More research is being done today that examines the organic structure image satisfaction of work forces. In Franzoi and Herzog s 1987 survey they asked work forces and adult females to judge 35 different facets of their ain organic structures. Men judged 16 points ( e.g. organic structure build, tummy, natess, thighs ) more favourably than adult females, while adult females merely found more positive attitudes associated with their ears. Harmonizing to Franzoi and Herzog ( 1987 ) these organic structure esteem differences can be attributed to three things ; the greater public attending to the female organic structure, the greater importance females place on their visual aspect due to such attending, and the mode in which physical visual aspect more clearly defines a female s worth and position than that of a male s. Andersen and DiDomencio ( 1992 ) compared organic structure
form ideals in articles and advertizements in 10 work forces s magazines ( Gentlemen s Quarterly, Field & A ; Stream, Jet, Life, Newsweek, National Geographic, Rolling rock, Playboy, Penthouse, and Sports Illustrated ) and in 10 adult females s magazines ( Ladies Home Journal, Redbook, Better Homes and Gardens, Family Circle, Seventeen, Glamour, McCalls, Woman s Day, Good Housekeeping, and cosmopolite ) . They found that diet advertizements magazines. This ratio closely reflected the ratio of the incidence of eating upsets in adult females to the incidence of eating upsets in work forces ( Cusumano & A ; Thompson, 1997 ) . Harmonizing to Botta the available studies suggest that media do hold an impact on organic structure
image perturbation, both straight through organic structure image processing and indirectly by
promoting males and females to back their several ideals and by set uping what they see as realistic ideals ( Botta, 1999 ) .
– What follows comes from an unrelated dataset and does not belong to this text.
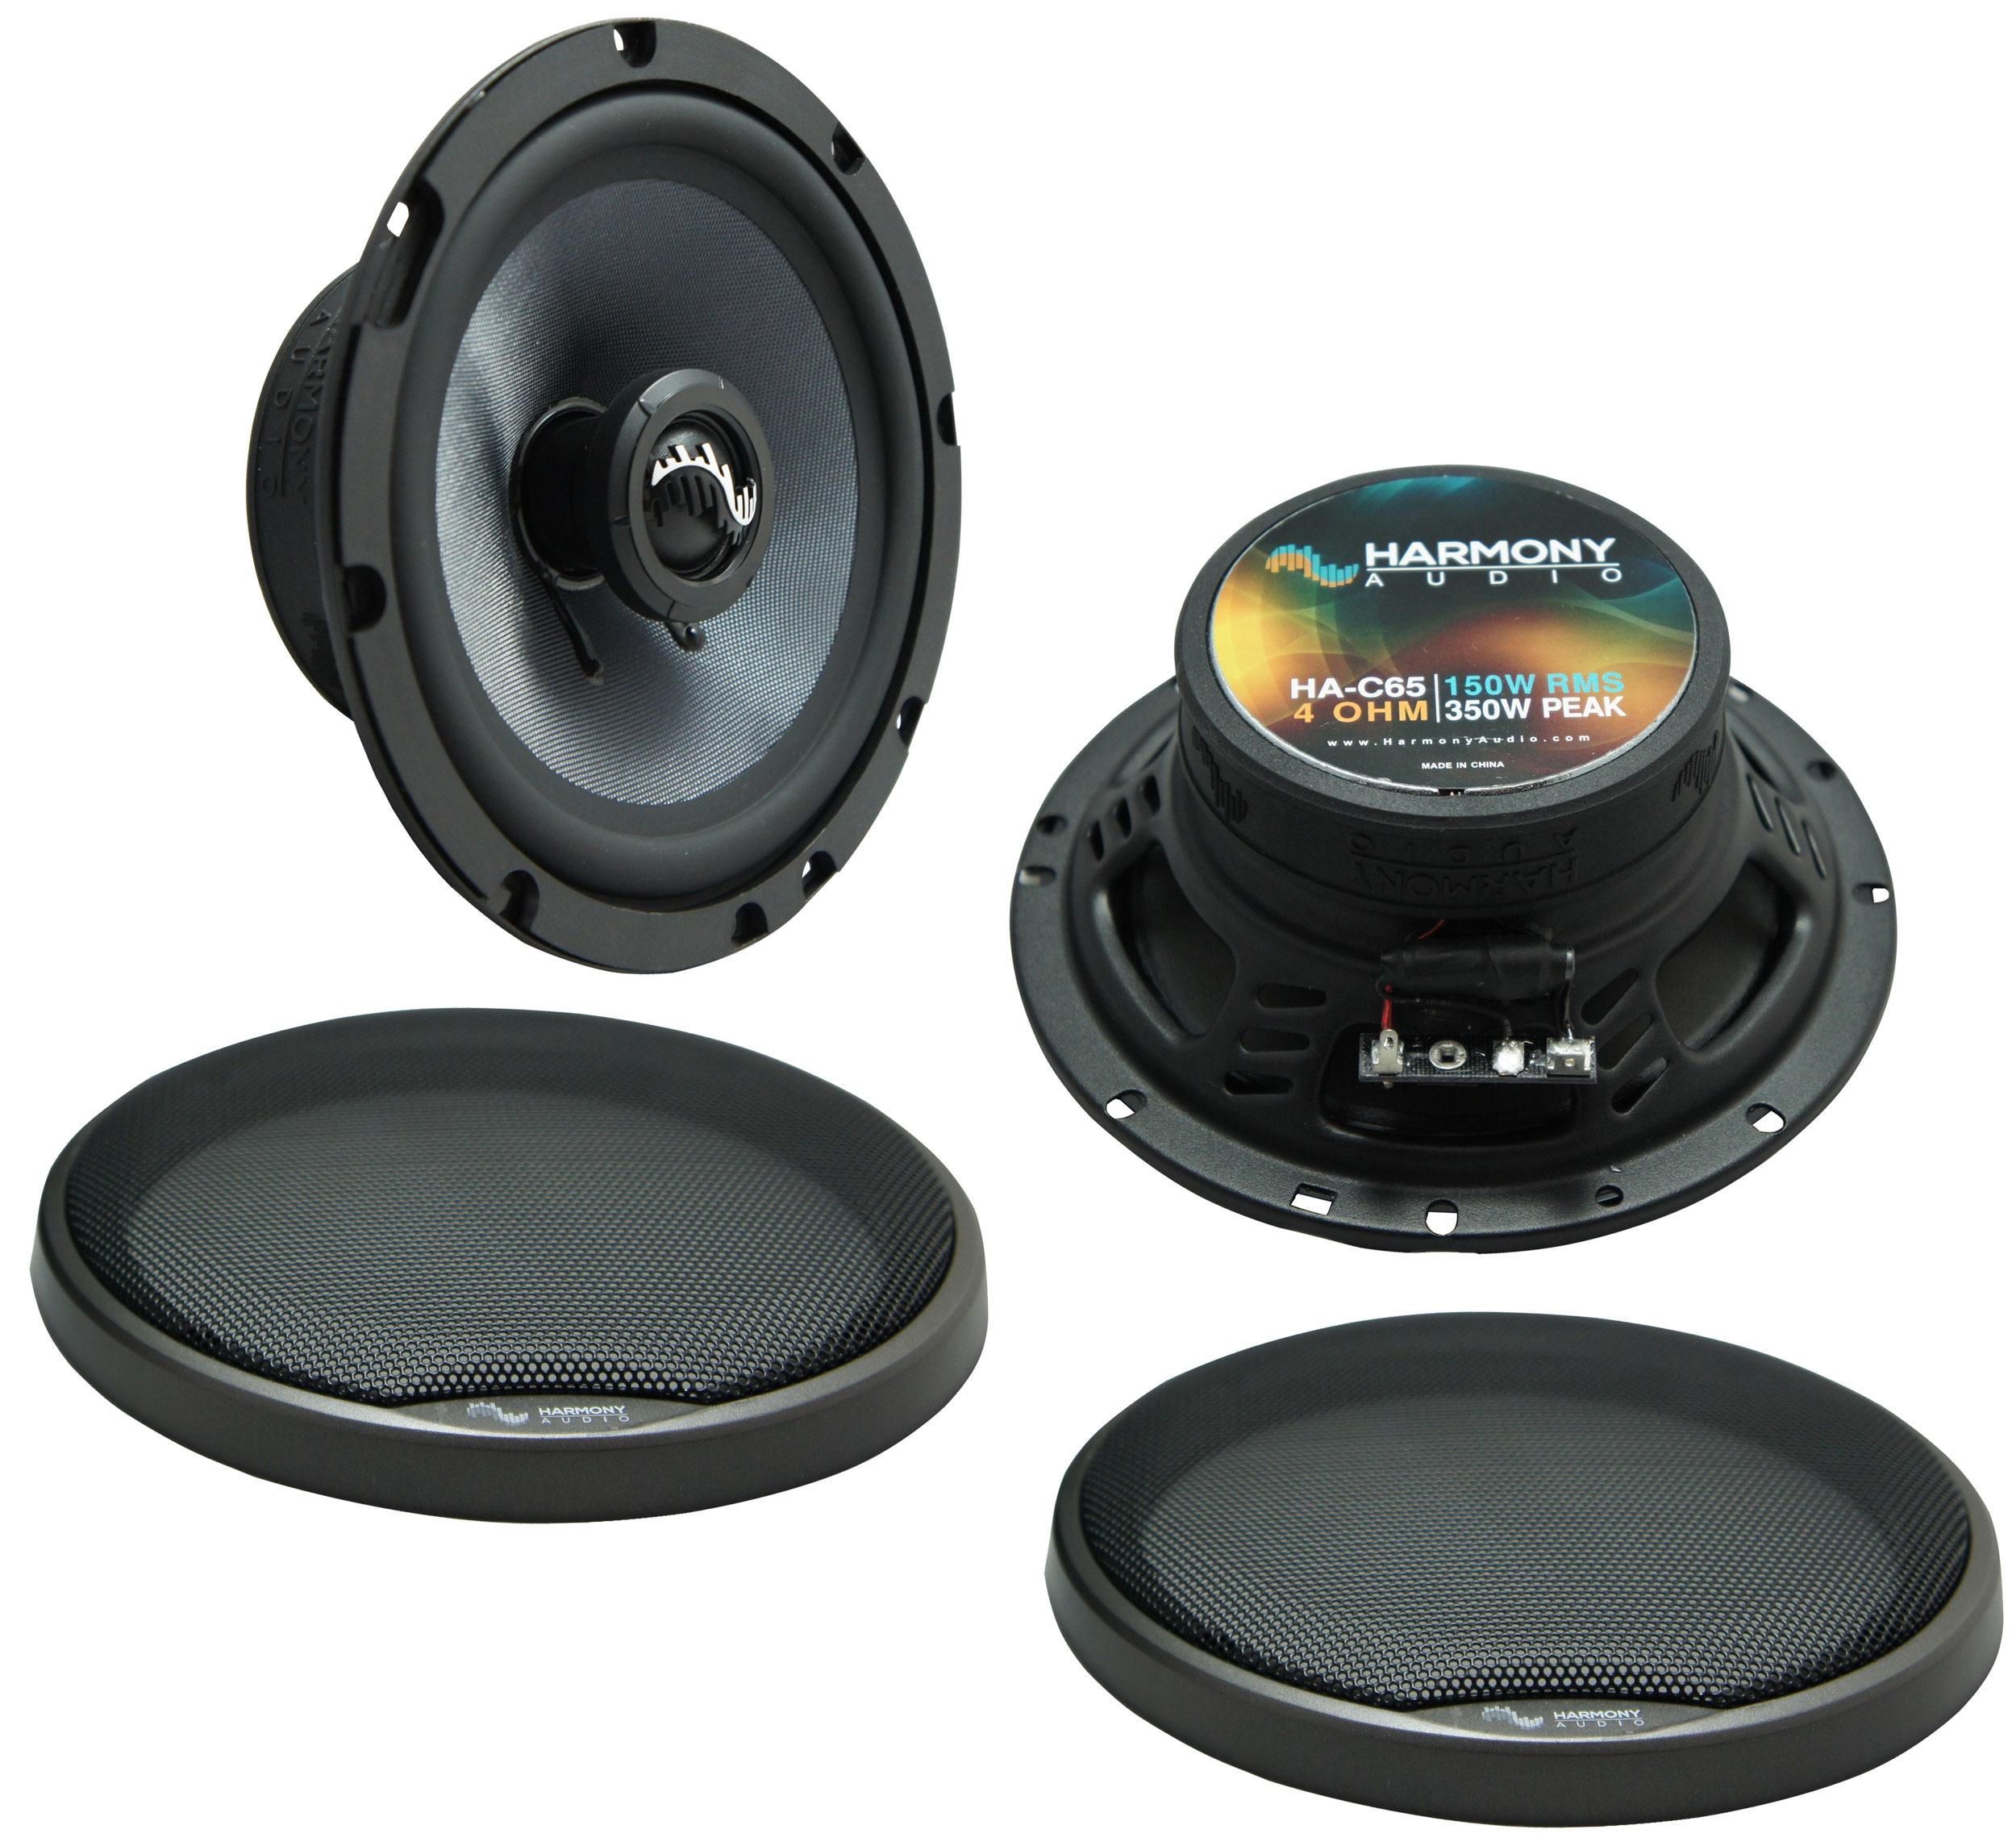 Fits BMW X1 2013-2015 Front Door Replacement Speaker Harmony HA-C65 Premium Speakers New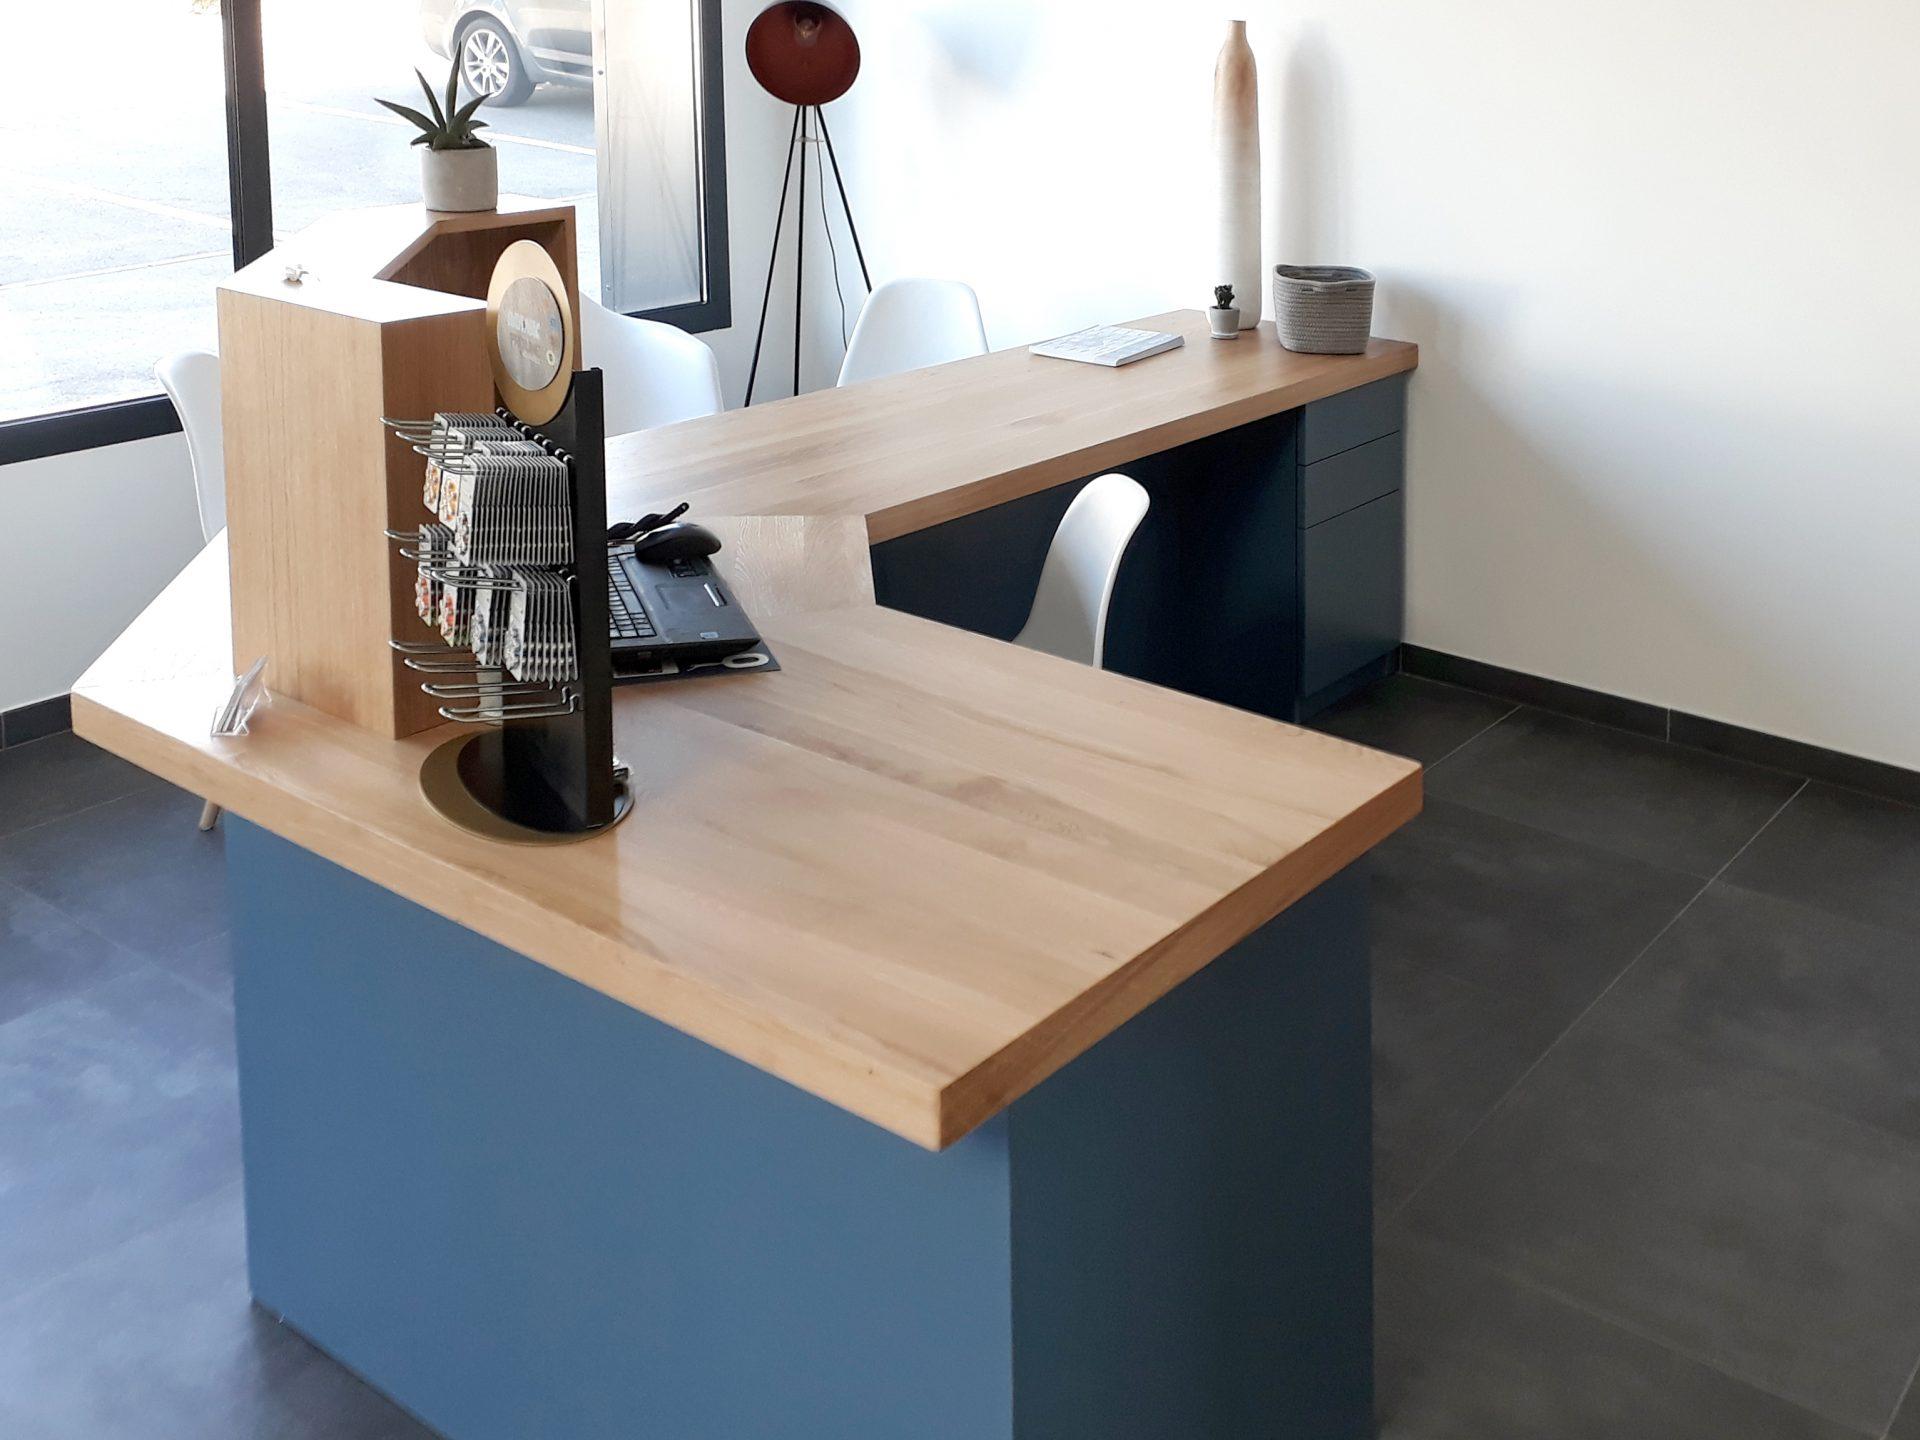 Bureau en bois brut et bleu

The present survey seeks to analyze the influence of exposure to media ideal organic structure images and the consciousness and internalisation of those ideals on males and females. The consequences of old surveies indicate that the media plays a function in non merely reflecting social perceptual experiences of male and female organic structure image, but in determining those perceptual experiences. Media stereotypes, publicizing gambits, and the manner industry have all lead to the debut of the unrealistic ideal organic structure form that we compare ourselves to. How we feel about our organic structures and how our organic structures look to us in the mirror is an of import facet of our ego regard and for many Americans the media tells us how we should experience and look.